Racial Inequities in Receiving Neoadjuvant Treatment in Patients With Pancreatic Cancer Are Associated With Worse Outcomes in Louisiana.

作者信息

Malinosky Hannah R, Chapple Andrew G, Hargis McKenzie, Wu Xiao-Cheng, Efishat Mohammad Al, Lyons John, Watson James C, Maluccio Mary, Nfonsam Valentine N, Moaven Omeed

机构信息

Department of Surgery, Division of Surgical Oncology, Louisiana State University (LSU) Health, New Orleans, Louisiana, USA.

Department of Interdisciplinary Oncology, Louisiana State University (LSU) Health School of Medicine, New Orleans, Louisiana, USA.

出版信息

J Surg Oncol. 2025 Feb;131(2):252-261. doi: 10.1002/jso.27901. Epub 2024 Oct 13.

Abstract

BACKGROUND

Pancreatic ductal adenocarcinoma (PDAC) is the third leading cause of cancer-related deaths. In recent years, the approach to managing this malignancy has evolved toward embracing neoadjuvant treatment (NAT), backed by studies reporting its survival benefit. This study aimed to identify factors that contribute to disparities in NAT utilization and their impact on outcomes in patients with PDAC who underwent resection in Louisiana.

METHODS

Data on diagnosed PDAC cases were obtained from the Louisiana Tumor Registry between 2000 and 2020. We conducted multivariable logistic regression to adjust for potential confounding factors in assessing the covariate relationships with NAT use.
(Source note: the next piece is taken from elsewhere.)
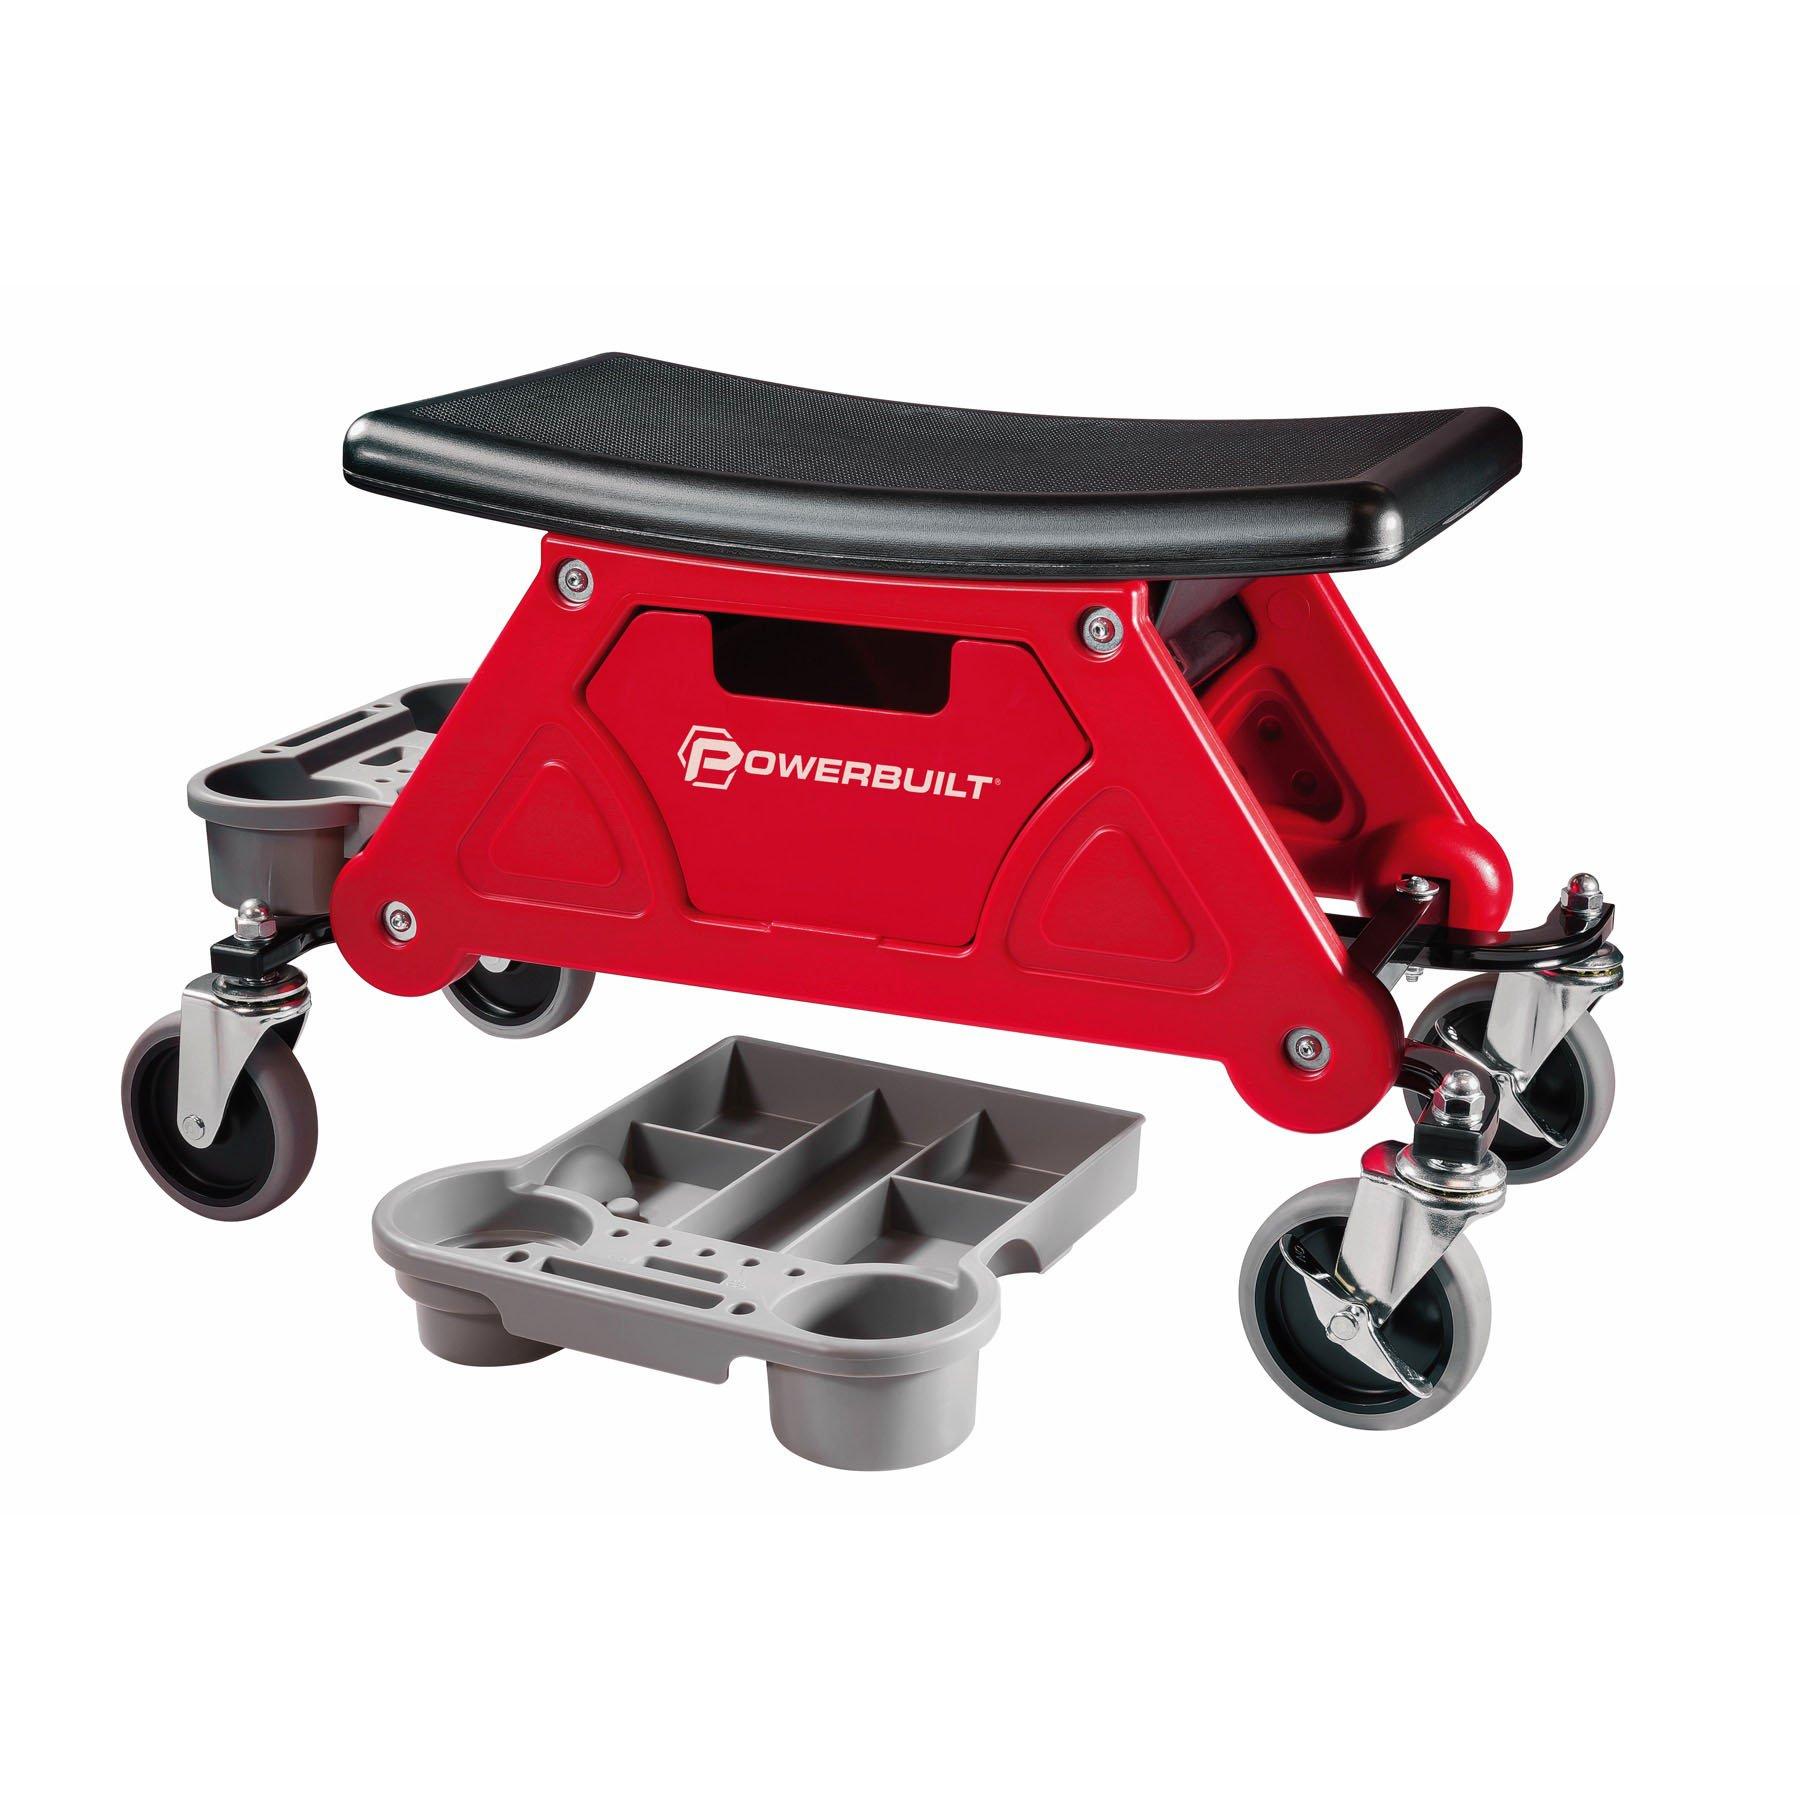 Powerbuilt Heavy Duty Rolling Mechanics Seat Brake Stool 300lb Capacity - 240036 (Stool) by Powerbuilt (Image #2)
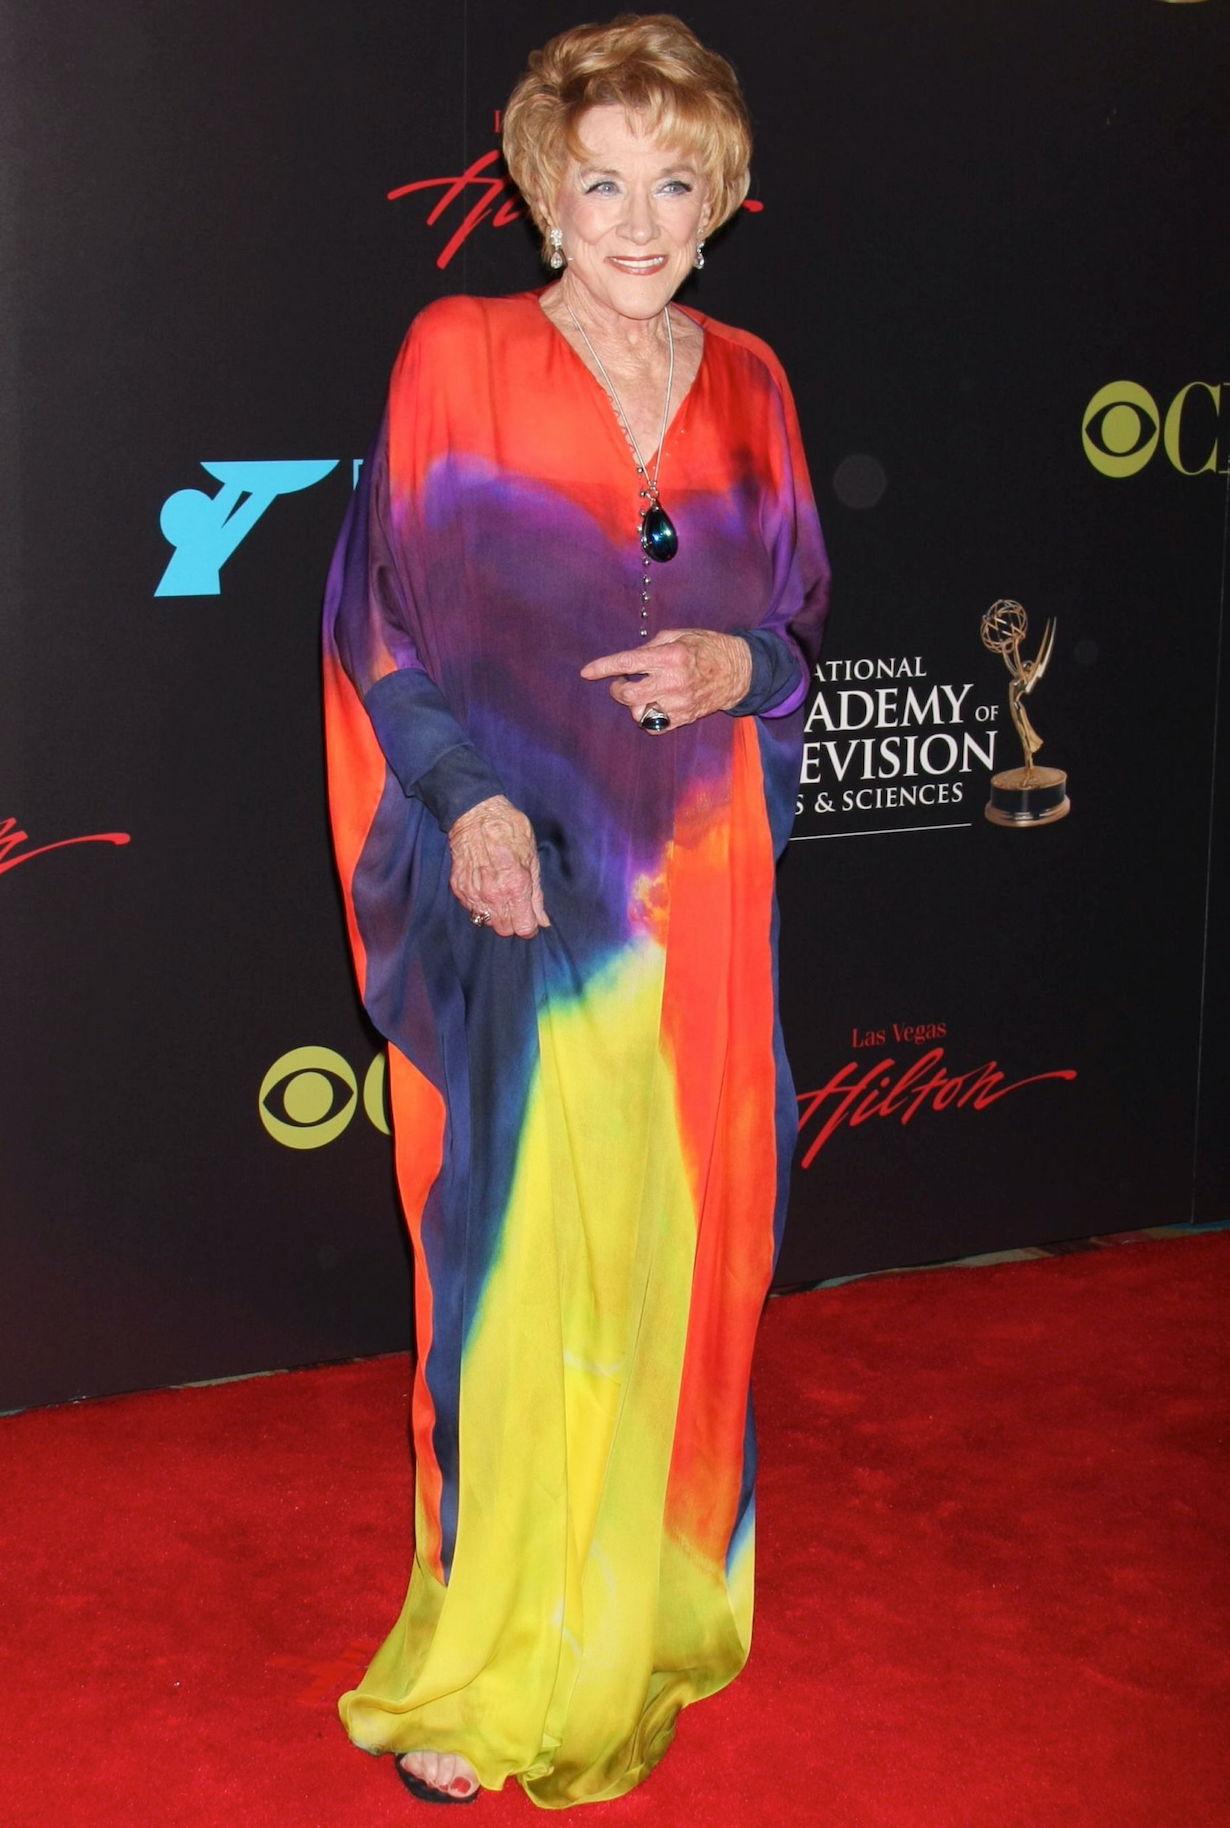 Jeanne Cooper 37th Annual Daytime Emmy Awards - Arrivals Las Vegas Hilton Las Vegas 6/27/10 © Howard Wise/jpistudios.com 310-657-9661

Multivariate Cox regression analysis was performed to determine which factors were associated with survival. Chained multiple imputation was performed on covariates with missing data in multivariable regressions.

RESULTS

The study encompassed 2121 patients who underwent resection for PDAC. Upon controlling for potential confounding variables, Black patients were on average 5.7% less likely to receive NAT than their White counterparts (ATE = 5.7, aOR= 0.56, 95% CI = 0.40-0.80, p = 0.001). After adjustment for confounding factors, there was a significant decrease in the risk of overall death for patients who received NAT (aHR = 0.82, 95% CI = 0.71-0.94, p = 0.006). There was no significant interaction between race and NAT for the risk of death.

CONCLUSION

Black patients with PDAC were less likely to receive NAT before resection in Louisiana. Overall survival improved in patients who underwent NAT. These differences were independent of insurance status and poverty zip codes, and future investigations should identify modifiable barriers to access and receipt of NAT in patients with PDAC.

摘要

背景

胰腺导管腺癌(PDAC)是癌症相关死亡的第三大主要原因。近年来,这种恶性肿瘤的管理方法已朝着接受新辅助治疗(NAT)发展,有研究报告称其具有生存获益。本研究旨在确定导致路易斯安那州接受手术切除的PDAC患者在NAT使用方面存在差异的因素及其对预后的影响。

方法

从2000年至2020年路易斯安那州肿瘤登记处获取确诊的PDAC病例数据。我们进行多变量逻辑回归以在评估与NAT使用的协变量关系时调整潜在混杂因素。进行多变量Cox回归分析以确定哪些因素与生存相关。对多变量回归中存在缺失数据的协变量进行链式多重插补。

结果

该研究纳入了2121例接受PDAC手术切除的患者。在控制潜在混杂变量后,黑人患者接受NAT的可能性平均比白人患者低5.7%(平均治疗效果 = 5.7,调整后比值比 = 0.56,95%置信区间 = 0.40 - 0.80,p = 0.001)。在调整混杂因素后,接受NAT的患者总体死亡风险显著降低(调整后风险比 = 0.82,95%置信区间 = 0.71 - 0.94,p = 0.006)。种族与NAT在死亡风险方面没有显著交互作用。

结论

在路易斯安那州,患有PDAC的黑人患者在切除术前接受NAT的可能性较小。接受NAT的患者总体生存率有所提高。这些差异与保险状况和贫困邮政编码无关,未来的研究应确定PDAC患者在获取和接受NAT方面可改变的障碍。